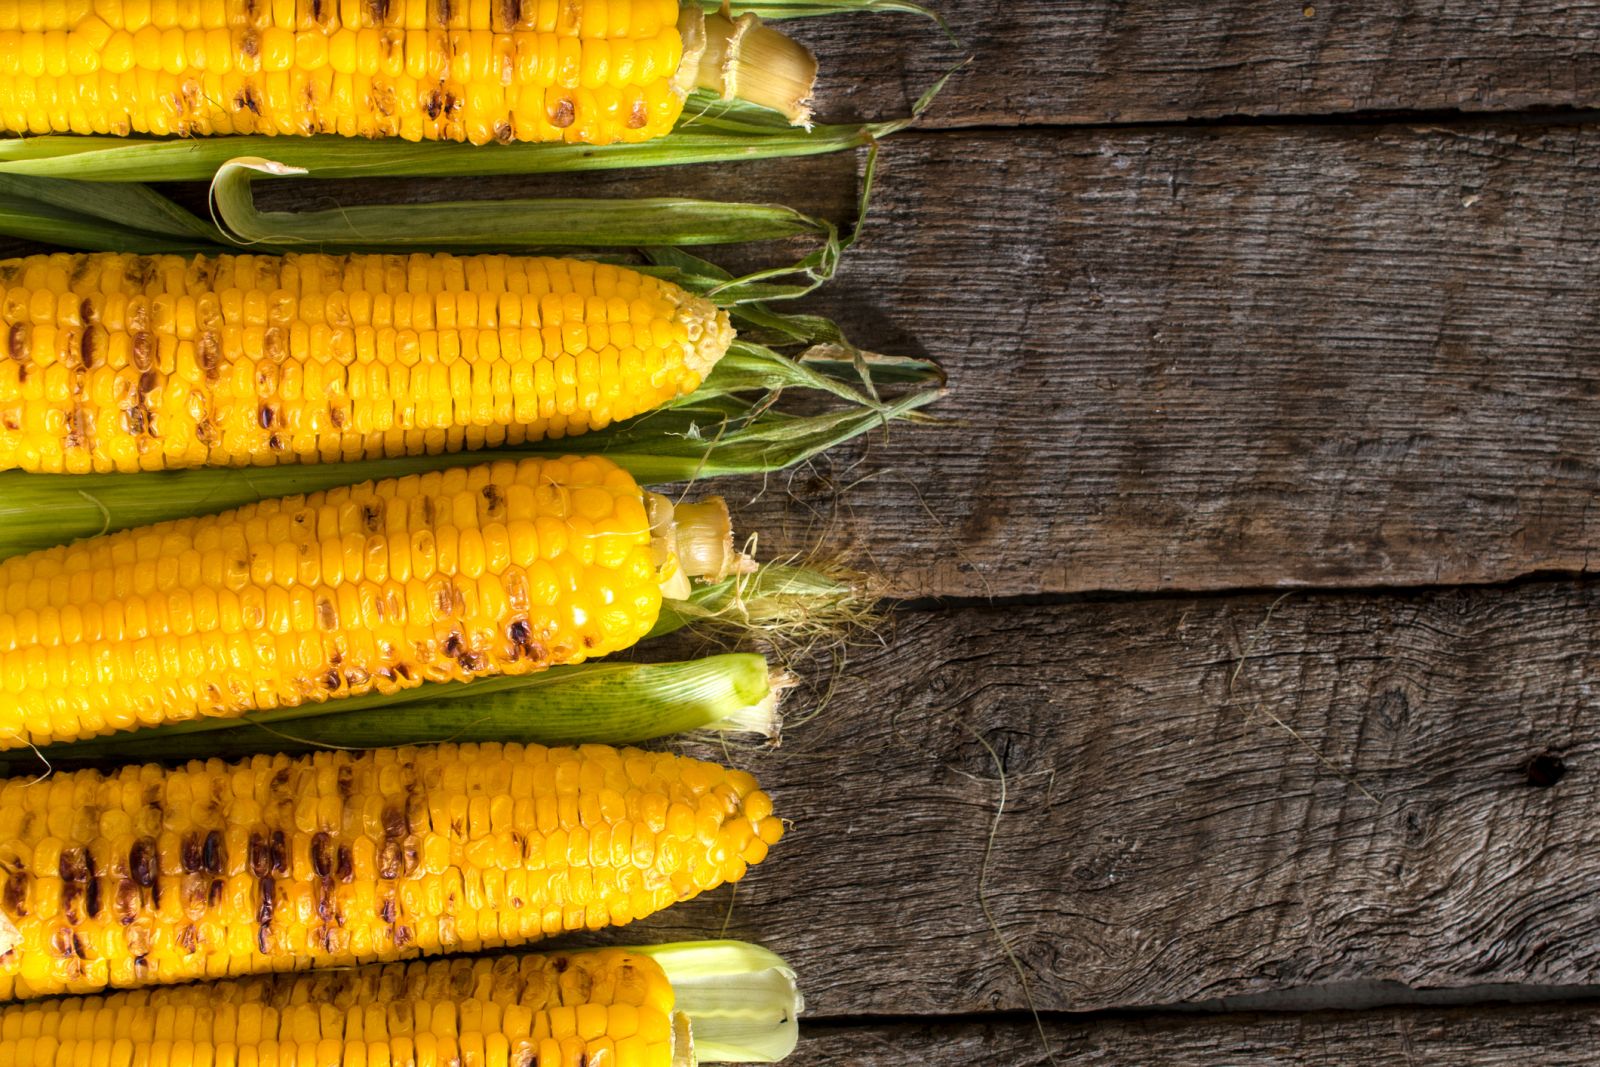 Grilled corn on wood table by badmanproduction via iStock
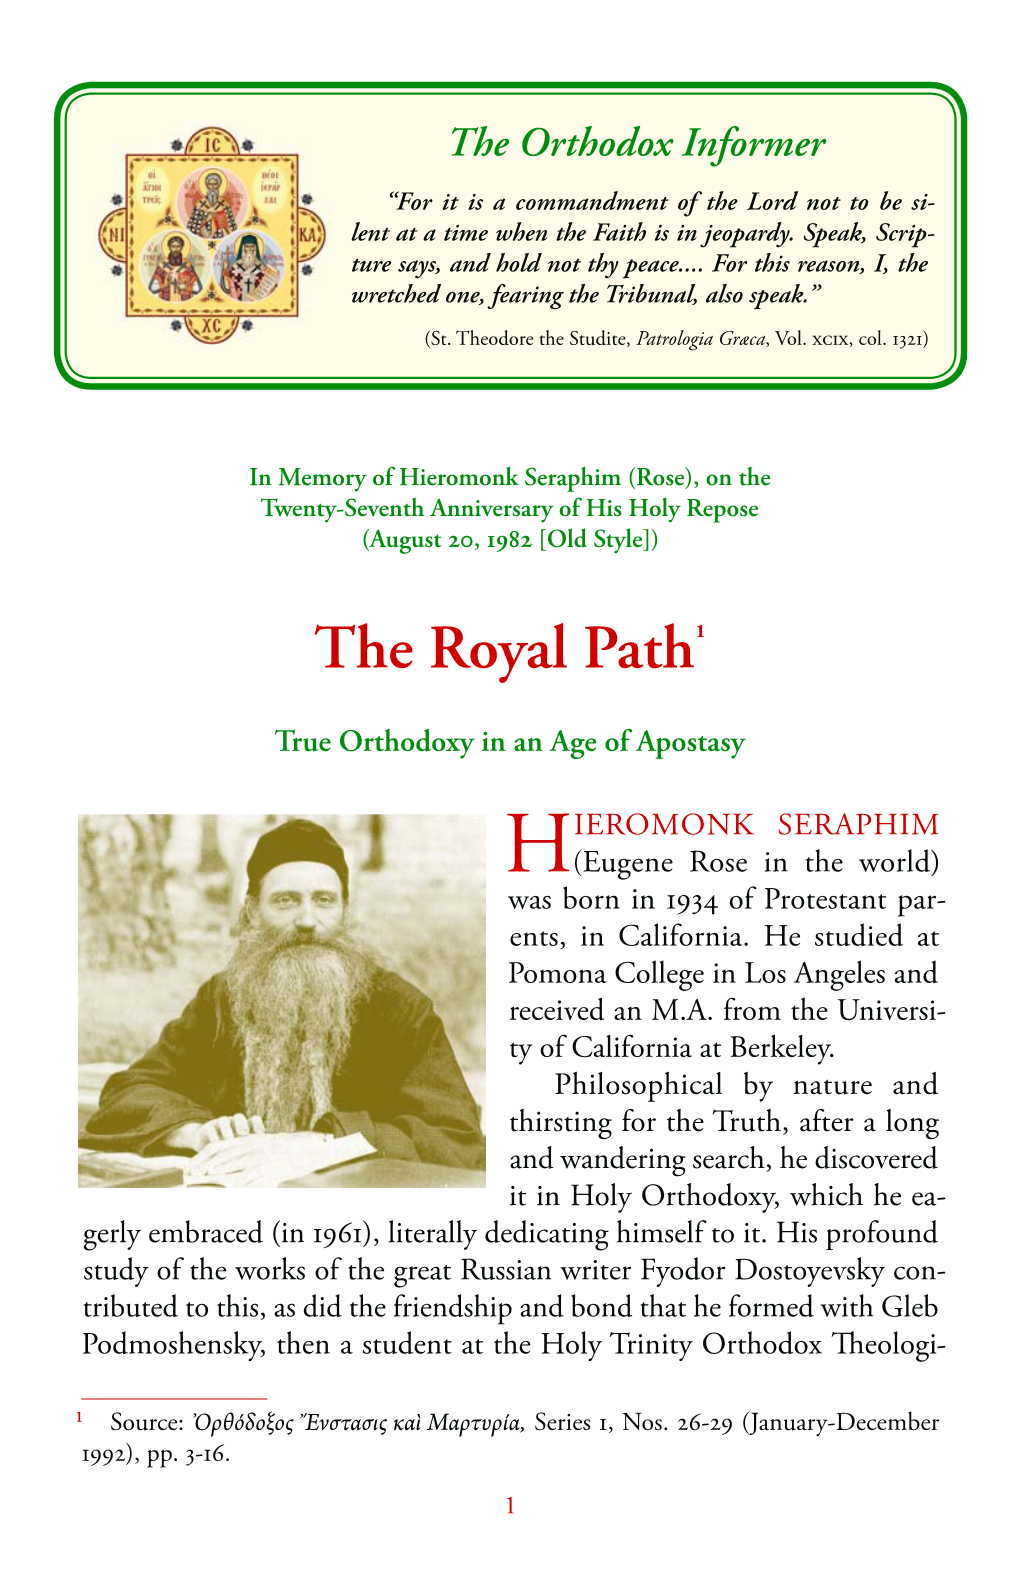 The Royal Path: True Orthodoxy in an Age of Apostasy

==

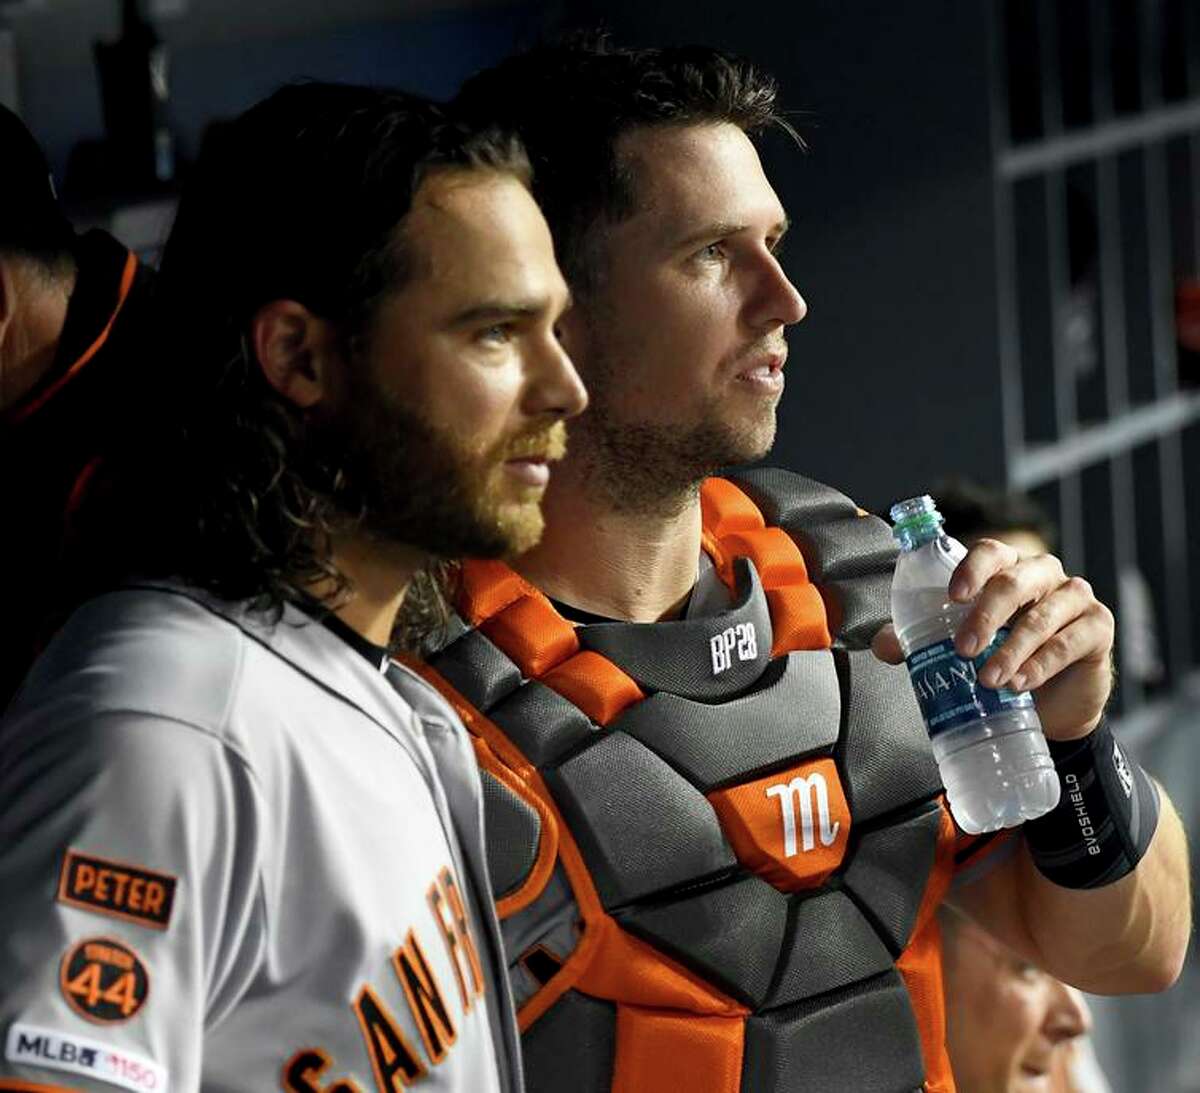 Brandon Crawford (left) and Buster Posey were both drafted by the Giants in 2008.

TASK —
From the line with "Grilled corn on" up to and including the line with "The Royal Path: True" above, retype every line exactly and nothing more; leave out the pictures.

RESULT OF THE EXERCISE —
 Grilled corn on wood table by badmanproduction via iStock
 The Royal Path: True Orthodoxy in an Age of Apostasy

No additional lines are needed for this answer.